I was getting game after game, and pretty soon, I had managed to get a substantial backlog of games that I wanted to play. For super-cheap. Of course, I didn’t really play that many of the games that I got, but at those prices, it was always nice just to shop, download, and install. Between that and my ever-expanding Humble Bundle collections, I now have a nice log of games to play, if I ever have the time. I don’t remember how many games I bought before I realized that I was spending gametime shopping and buying games that I would never play. Probably 30 or so…
In my opinion, the key to gaming as a dad has to do with balance. Yeah, I might not be able to compete in PVP anymore (in any genre—I can’t play enough to get skilled in any FPS, and I don’t have the time to gear-grind in an MMO), but I can tag along with a friend in a co-op game or two. As long as it’s at night, and I don’t yell, “Holy shit! Get the fucker!!!!” through my headset. I mean, I can whisper it, but have you ever whispered the F-word over Xbox Live? Sounds creepy as hell…
In my opinion, it’s important to be a gamer as a dad, though, mostly because in a few years, my son will be getting all of the new games, rushing through his homework so he can join his friends online in some pseudo-augmented reality, 3D, photorealistic shooter or something. Who knows what games will look like in a few years. I need to understand the language, the necessary skills, and the types of rewards that games offer, just so I can help him navigate the virtual world (and suggest better quality games if need be).
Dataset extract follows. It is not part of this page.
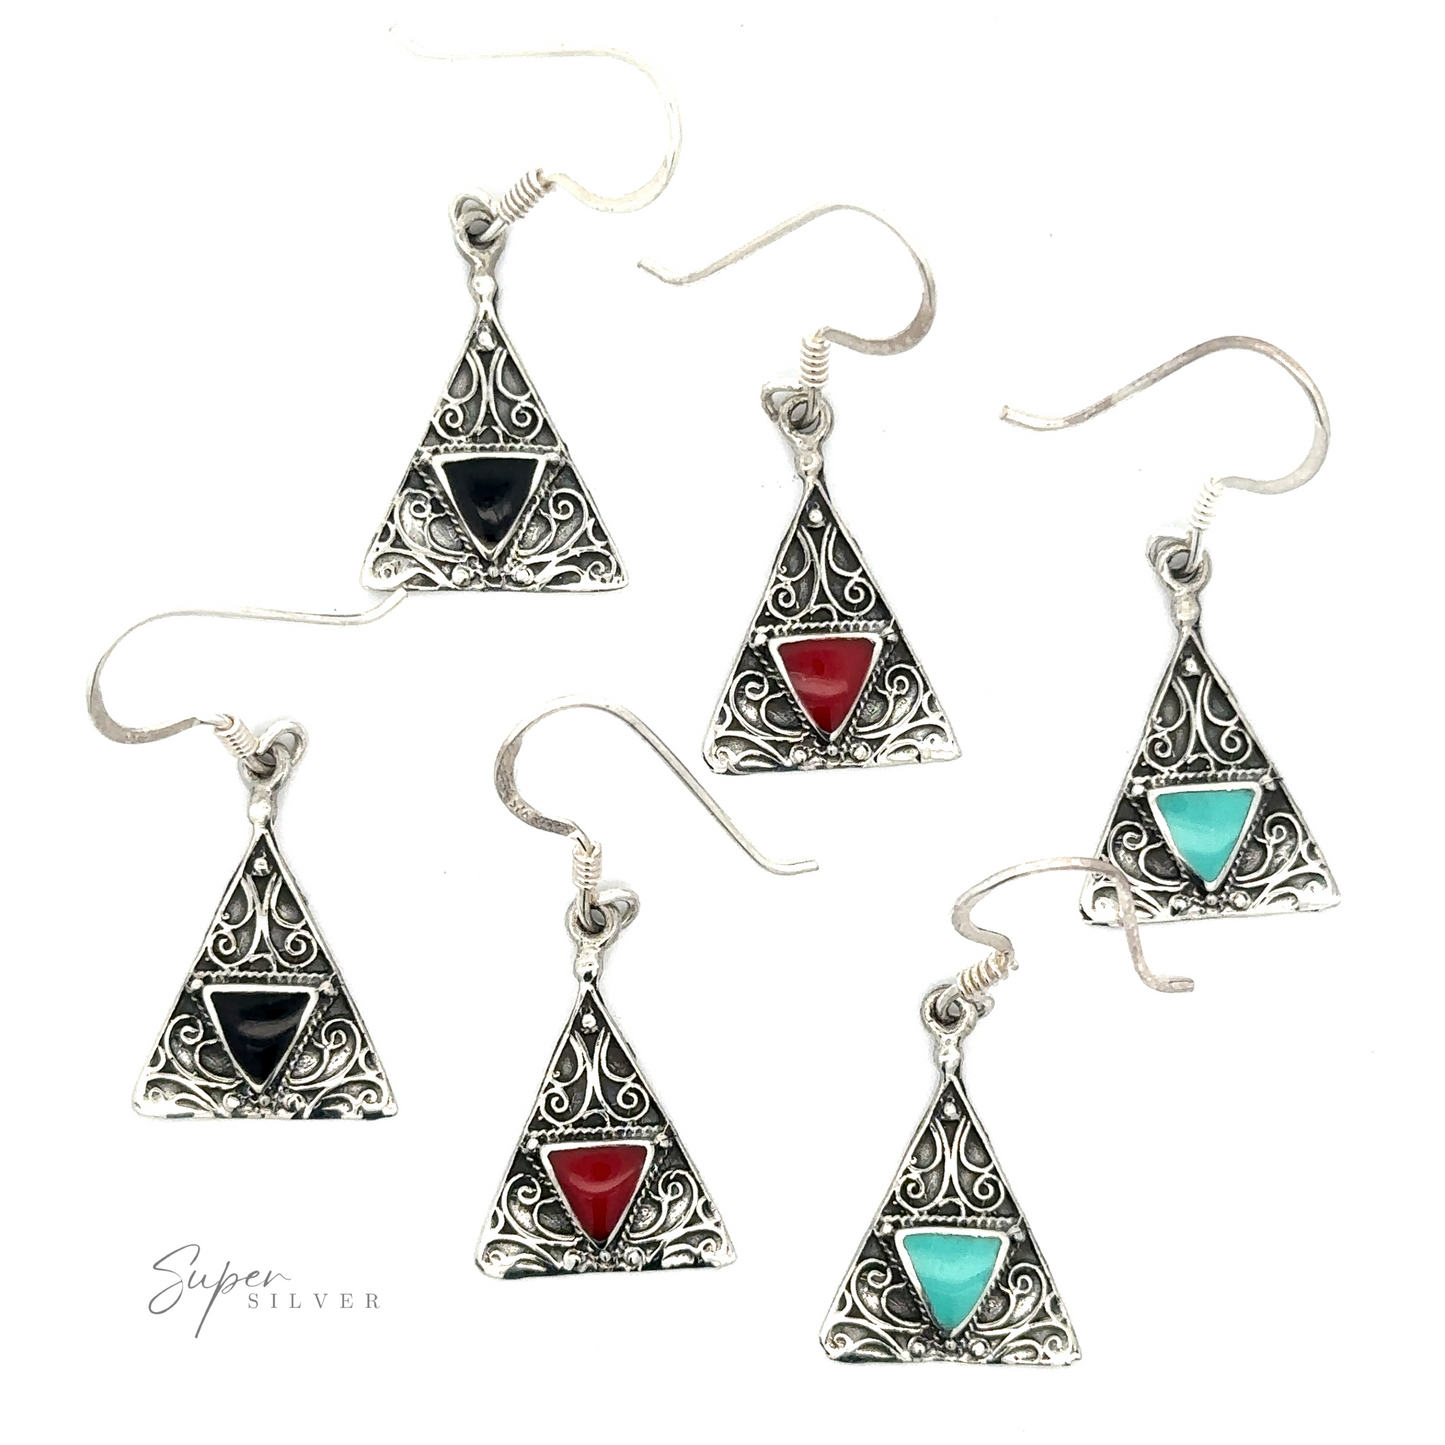 Six Freestyle Design Triangle Shape Inlaid Earrings with intricate designs, each featuring a gem in the center: two black, two red coral stones, and two turquoise. The word "Super Silver" is in the bottom left corner.

Just like teaching a child how to ride a bike or drive a car, we need to know how to game so we can help establish good gaming practices for the next generation. I knew how to drive a car, and I knew how to fear and respect guns because of my family of people who could work on their own cars and hunt for their own food (if needed). I learned their language and was able to understand the rights and responsibilities of vehicular travel and weapon-usage (although, to be fair, I do remember sneaking off, drinking beer, and shooting shotguns as a 17-year-old, so hopefully that doesn’t undercut my entire argument here. Just some full disclosure…).
Somehow though, I’ve learned a thing or two about games, and I should pass that knowledge on to my son. And we all need to be mindful about how we play. Respect, competition, curiosity, and a sense of adventure: these are the habits of people who enjoy games, and they seem like pretty good goals for humans… But children are perceptive little buggers, so if us dad-gamers stray, the little ones will notice.
I just don’t want to have a conversation with him in the nearish future about his gaming habits, only to hear him say, “I learned it from watching you!” before yelling an F-bomb and throwing a controller.
I mean, it would be kind of funny though…
TL;DR: Being a dad changes the ability of being a gamer.